Australia’s growing focus on security-related governance and regulations made it a natural choice of location for encryption-management firm Vormetric as the company prepares to use its new Sydney office as a launching-off point to the Asia-Pacific region, the head of the company's Australian operations has explained.

With new advanced persistent threats (APTs) “gathering data at an alarming rate”, Vormetric country manager Damian Harvey told CSO Australia, many companies are being compromised because they “have personally identifiable information sitting on systems that are barely protected.”

Poor control of user privileges opened up other avenues of compromise as cyber-criminals entered through privileged user accounts and extracted company data without detection, Harvey said.

Wrapping that data in a layer of carefully managed encryption provides tighter control over enterprise data that may not even be available to administrators.

“Hackers tend to look for softer targets, and people are still coming in under authorised accounts and extracting the data,” Harvey explained. “We greatly reduce the attack surface by wrapping that layer up and only decrypting it for people authorised to access the data.”

“We're actually tying a person to a process, then deciding whether to deny, allow, decrypt or encrypt the data. This gives a granularity at the access layer that the industry hasn't seen before, and we've been able to help a number of organisations clean up system-administrator behaviours around the data sets.”

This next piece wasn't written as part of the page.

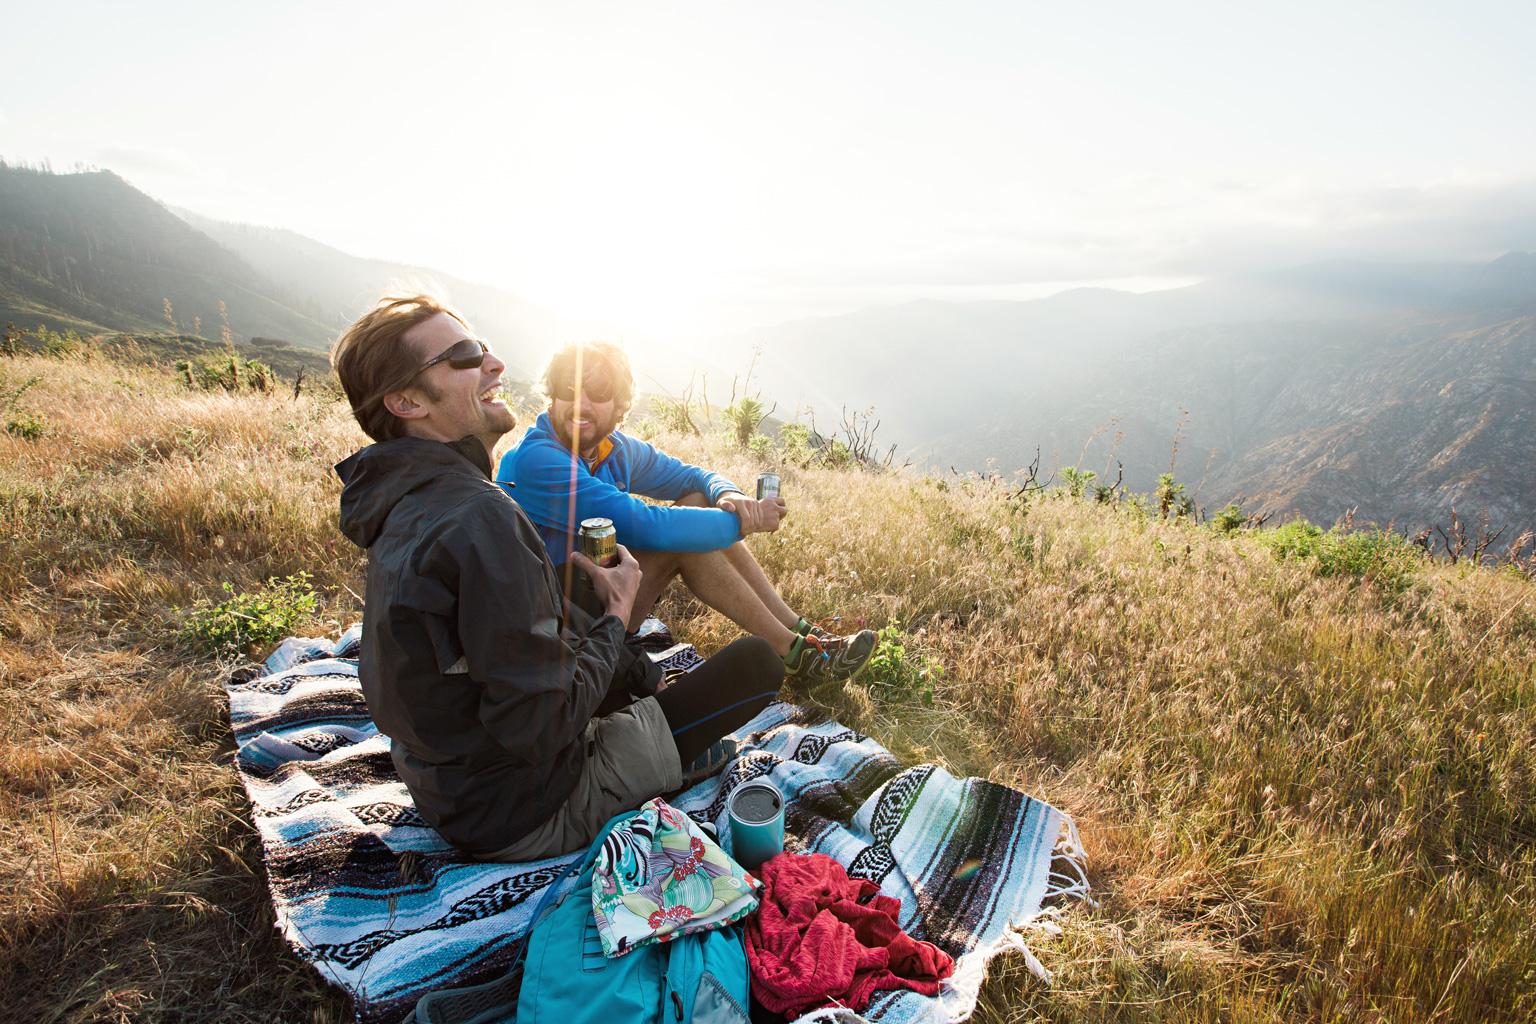 CindyGiovagnoli_Kings_Canyon_National_Park_hike_firetower_lookout_sunset-013.jpg

Vormetric's encryption tools use highly optimised parallel encryption routines to encrypt up to a terabyte of in-memory data within ten seconds, Harvey said, noting that the company's architecture fixes the common problem in which management of encryption keys is taken offline; keys are stored on a purpose-built, FIPS-compliant, tamper-proof hardware security module (HSM).

“We do this in a way that's transparent to the business,” he explained. “Applications don't have to be rewritten, databases don't have to be reconfigured, and performance is not degraded. People don't know it's being encrypted and decrypted on the way through.”

Overseas, Vormetric counts 17 of the Fortune 25 companies and already operates in 20 countries – including through partners in Australia and New Zealand. With its own presence in Australia, however, the company is positioning itself in preparation for what Harvey believes will be a surge in demand for data-management tools.

The Australian government's recent shift to a privacy environment built on Australian Privacy Principles (APPs) had raised overall awareness of the need for better security, he explained.

“We see it as a signal that the government is taking all of this more seriously,” he said.

“That's one of the reasons we have launched here: we are really trying to educate people around our capabilities, so we are in a position to help clients comply with APPs or simply protecting citizens' information against what we're seeing with the APTs or privileged user attacks. We're working to establish ourselves and get ahead of the curve as people become more cognisant of data encryption.”